_Dataset content_
>>>

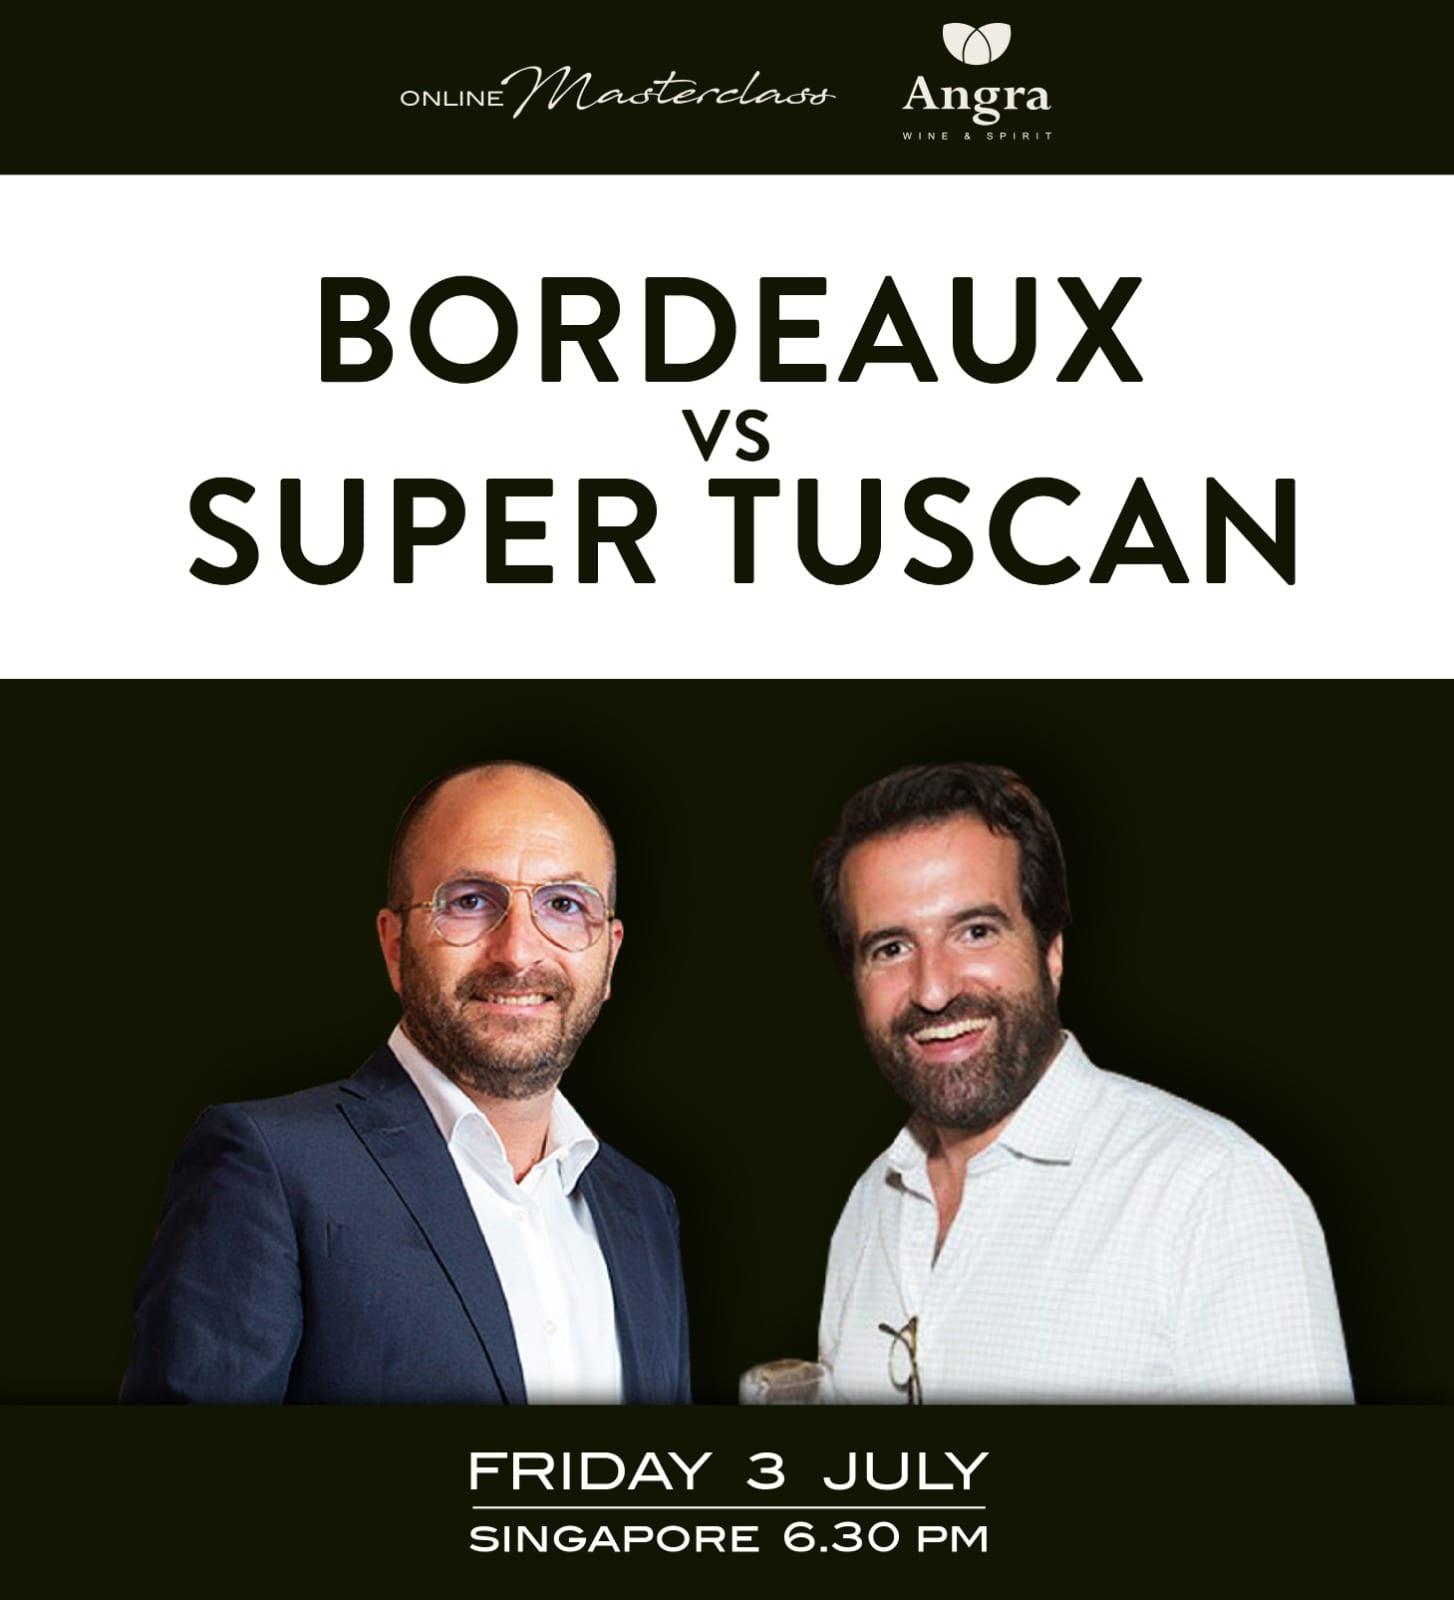 Free Wine Masterclass: BORDEAUX vs SUPER TUSCAN
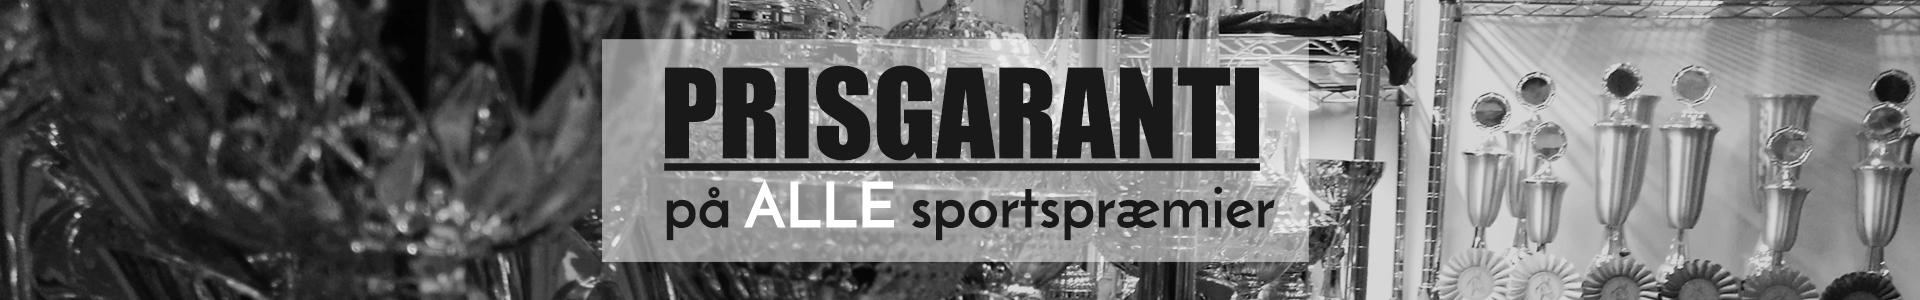 Prisgaranti på alle sportspræmier
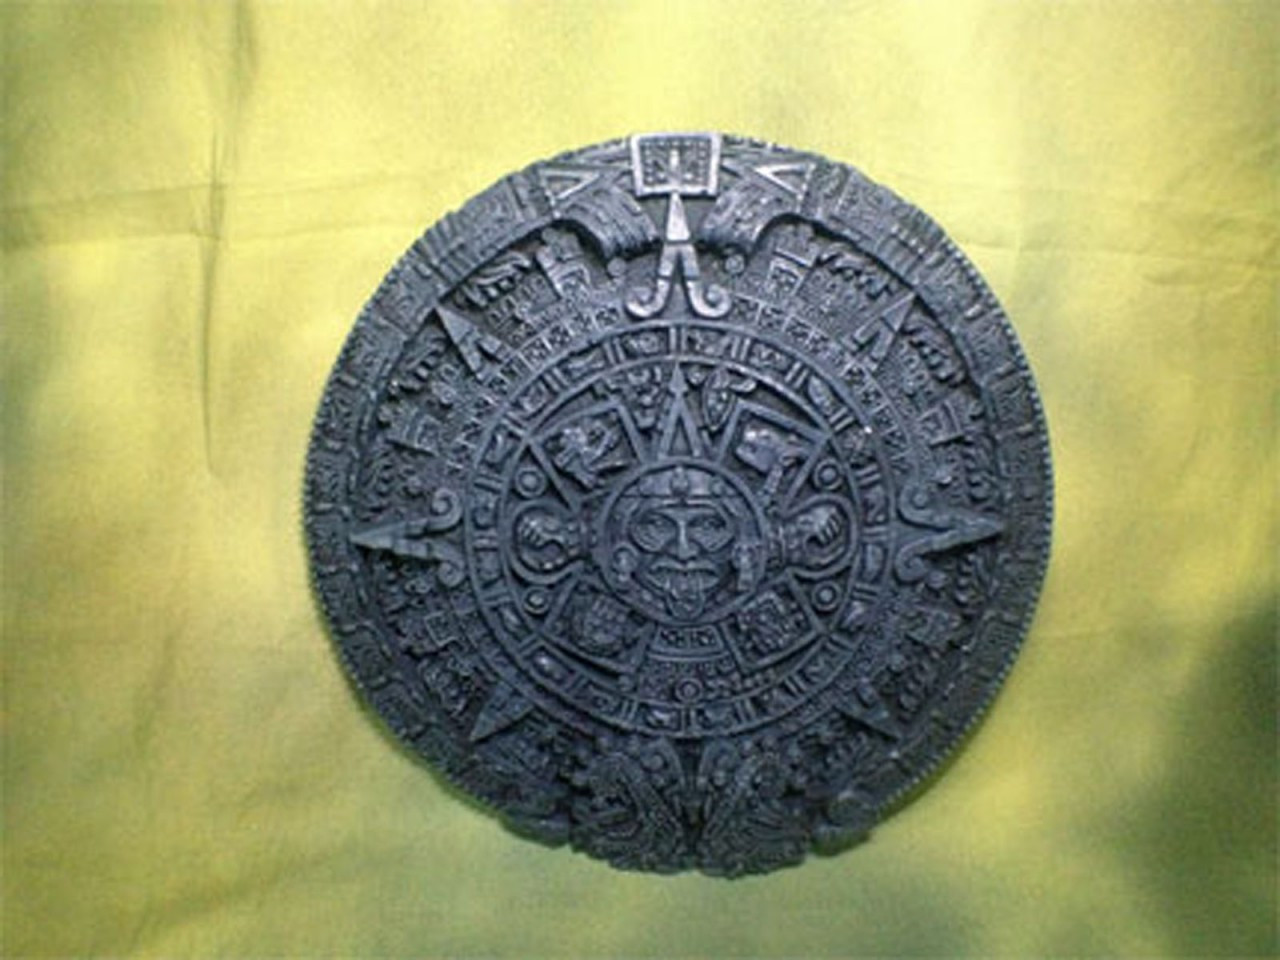 Ancient Aztec, Mayan and Inca Calender, Wall Hanging - Reel Art

<<<

_What the task asks_
In the copy, include no pictures, but repeat the listing exactly.

_Task answer_
 Free Wine Masterclass: BORDEAUX vs SUPER TUSCAN
 Prisgaranti på alle sportspræmier
 Ancient Aztec, Mayan and Inca Calender, Wall Hanging - Reel Art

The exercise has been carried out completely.